Default is 6 (i.e., H6).
- -t
- Normally, hxtoc adds both ID attributes and empty A elements with a
NAME attribute and CLASS="bctarget", so that older browsers that
do no understand ID will still find the target. With this option, the A
elements will not be generated.
- -c class
- The generated UL elements in the table of contents will have a CLASS
attribute with the value class. The default is
"toc".
- -d
- Tries to use sectioning elements as targets in the table of contents
instead of H1 to H6. A sectioning elements is a DIV, SECTION, ARTICLE,
ASIDE or NAV element whose first child is a heading element (H1 to H6) or
an HGROUP. The sectioning element will be given an ID if it doesn't have
one yet. With this option, the level of any H1 to H6 that is the first
child of a sectioning element (or of an HGROUP that is itself the first
child of a sectioning element) is not determined by its name, but by the
nesting depth of the sectioning elements. (Any H1 to H6 that are not the
first child of a sectioning element still have their level implied by
their name.)
- -f
- Flatten the text of the table of contents. Without -f, the contents
of header elements are copied to the table of contents almost unchanged,
i.e., including any child elements and their attributes (except for ID
attributes, DFN elements and certain SPAN elements, as explained above).
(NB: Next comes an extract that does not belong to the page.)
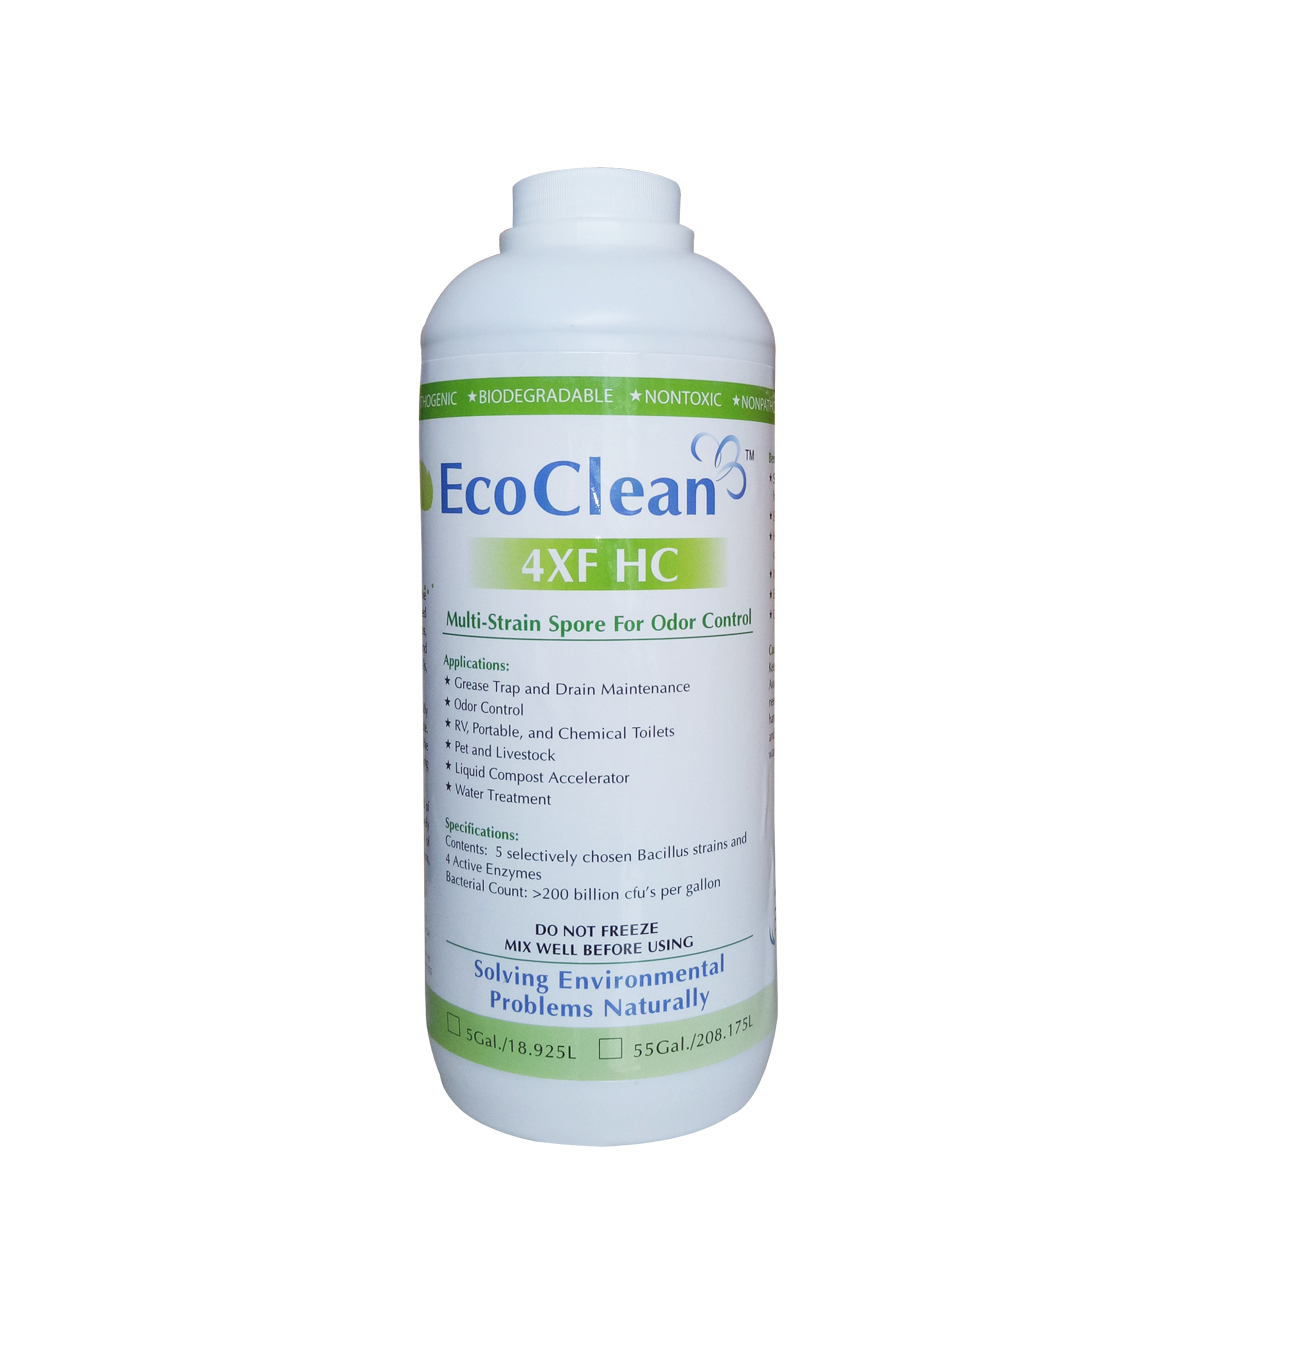 EcoClean 4XFHC - Vi Sinh Xử Lý Mùi Hôi Chuồng Trại, Bãi Rác, Nước Thải, Hầm Tự Hoại  - Chai 1 lít

With -f, the contents are flattened instead: All child elements are
removed and only their contents are copied to the table of contents.
Additionally elements with an ALT attribute, such as IMG, are replaced by
the contents of the ALT attribute. Exception: BDO tags are copied
unchanged and elements with a DIR attribute are replaced by a SPAN with
that DIR attribute. (BDO and DIR may occur in languages written
right-to-left.)
The following operand is supported:
- file-or-URL
- The name or URL of an HTML file. If absent, standard input is read
instead.
The following exit values are returned:
- 0
- Successful completion.
- > 0
- An error occurred in the parsing of the HTML file. hxtoc will try
to correct the error and produce output anyway.
The error recovery for incorrect HTML is primitive.